# Learning to Recombine Data for Compositional Generalization

![Recombination Model](./recomb.png "Recomb Network")

## Dependencies
- **OS**: Linux or macOS
- **Language**: Julia 1.2.0 (if not available, the setup script will automatically install a local copy.)
- **Hardware**: NVIDIA GPU (that supports CUDA and cuDNN), with network connection, 3GB disk space including Julia installation. (we only tested with 32GB V100s)
- **Libraries**: CUDA Runtime Library and cuDNN Developer Toolkits (tested with CUDA: 10.1.105_418.39 and cuDNN: 7.5.0)
  - If you don't have them, you might get a warning about GPU functionality which means you are not able to run the code with a GPU. If this is the case, _follow the [instructions](https://stackoverflow.com/a/47503155)_ by using the below download links selecting the abovementioned versions.
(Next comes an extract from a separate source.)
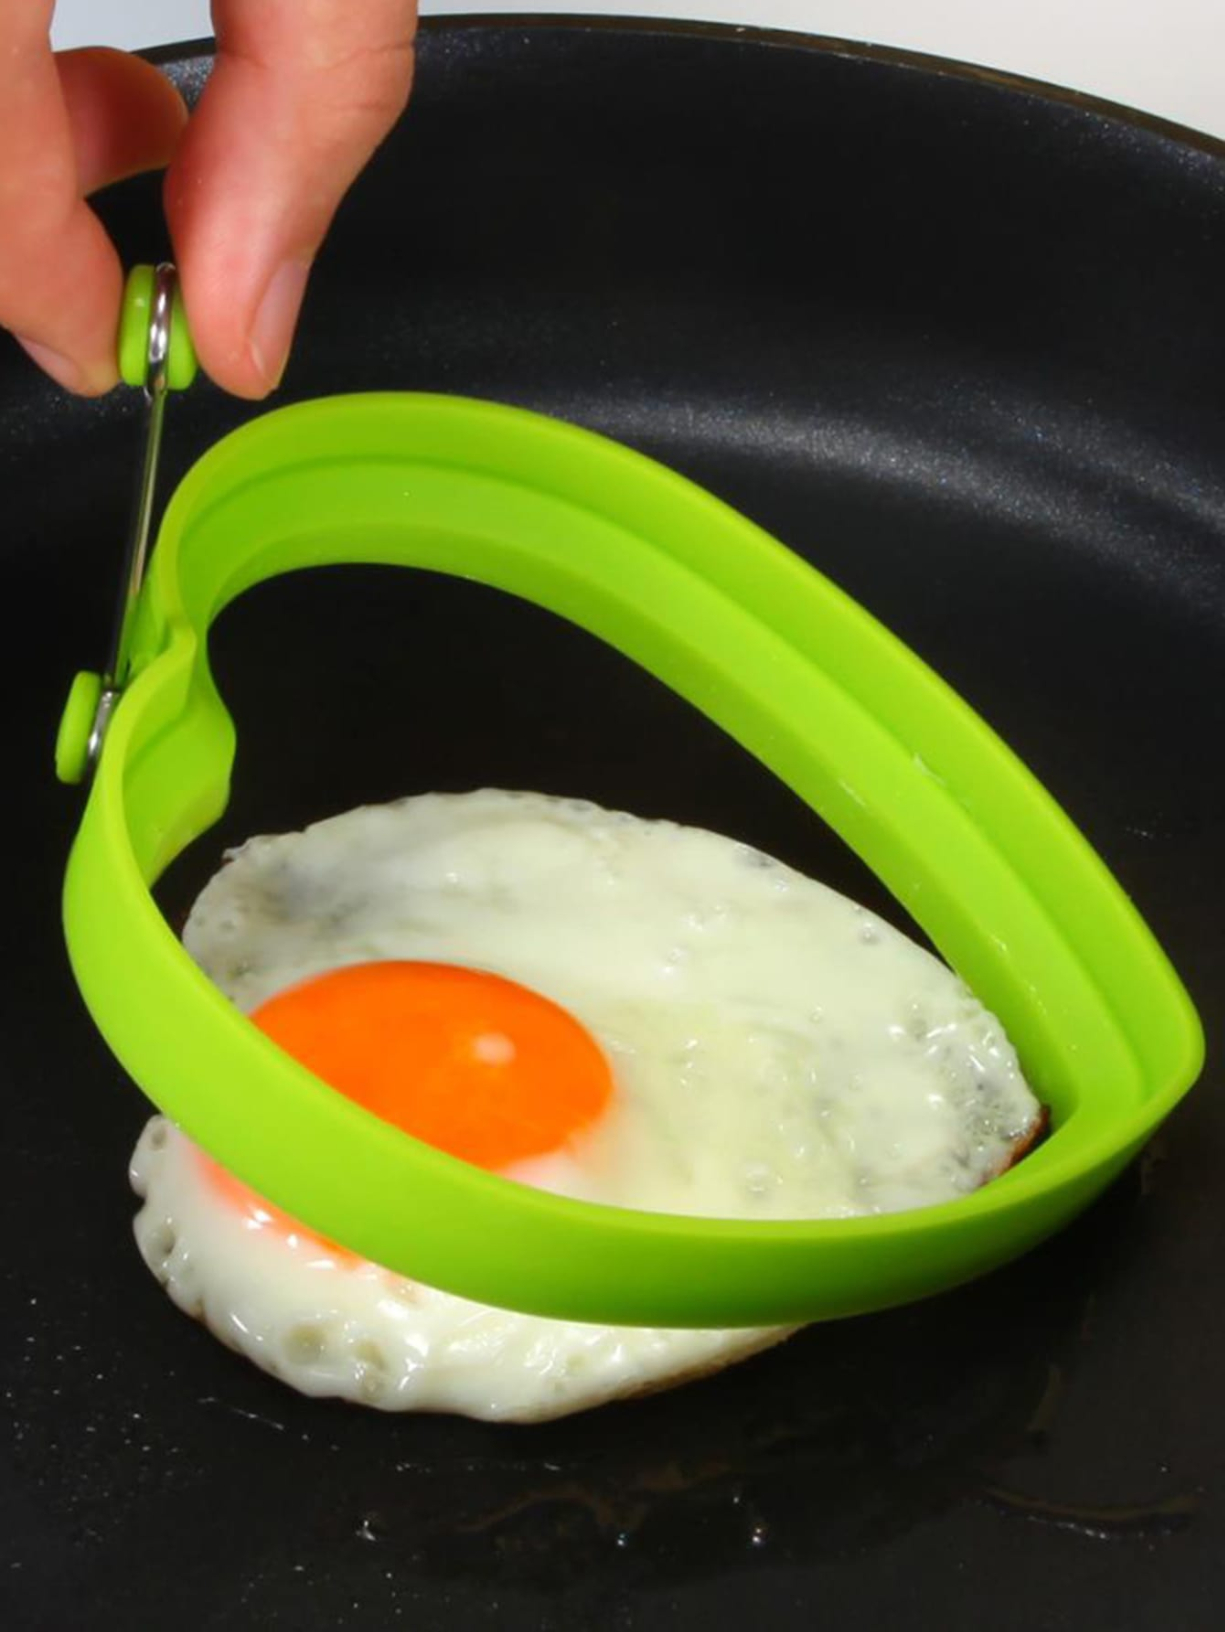 Silicone Egg Rings Heart-shaped - Non Stick Fried Egg Mold

This is a local installation and will not affect your system.
  ```
  CUDA: https://developer.nvidia.com/cuda-10.1-download-archive-base
  CUDNN: https://developer.nvidia.com/rdp/cudnn-archive
  ```
  Do remember to add the below commands to your `.bashrc` replacing `$CUDAPATH` with your installation path.
  ```SHELL
  export PATH=$CUDAPATH/bin:$PATH
  export LD_LIBRARY_PATH=$CUDAPATH/lib64:$LD_LIBRARY_PATH
  ```
- **Optional**:
  - Jupyter Notebook with Python 3 (Used for analysis of results.)


Note that since this codebase is for reproducibility purposes you might require specific versions of the dependencies as described above. Additionally, we find AWS AMI: Knet-1.3.0 (ami-0469b38d93e8ab9da) to be compatible with the requirements here for convenience.

## Requirements

To install requirements:
```SHELL
   sh setup.sh
```
`setup.sh` performs the following steps interactively:
1. If Julia 1.2.0 is not available, it downloads and installs it locally.
2. Installs the exact versions of the required Julia packages to a local environment.
3. Downloads raw dataset files of `SCAN` and `SIGMORPHON 2018` to the [data/](data/) folder.
4. Downloads `SCAN` and `SIGMORPHON 2018` preprocessed neighborhood files from server.

  **Optional**:

5. Downloads pre-trained generative models for `SCAN` and `SIGMORPHON 2018` along with generated samples to the the checkpoints folders.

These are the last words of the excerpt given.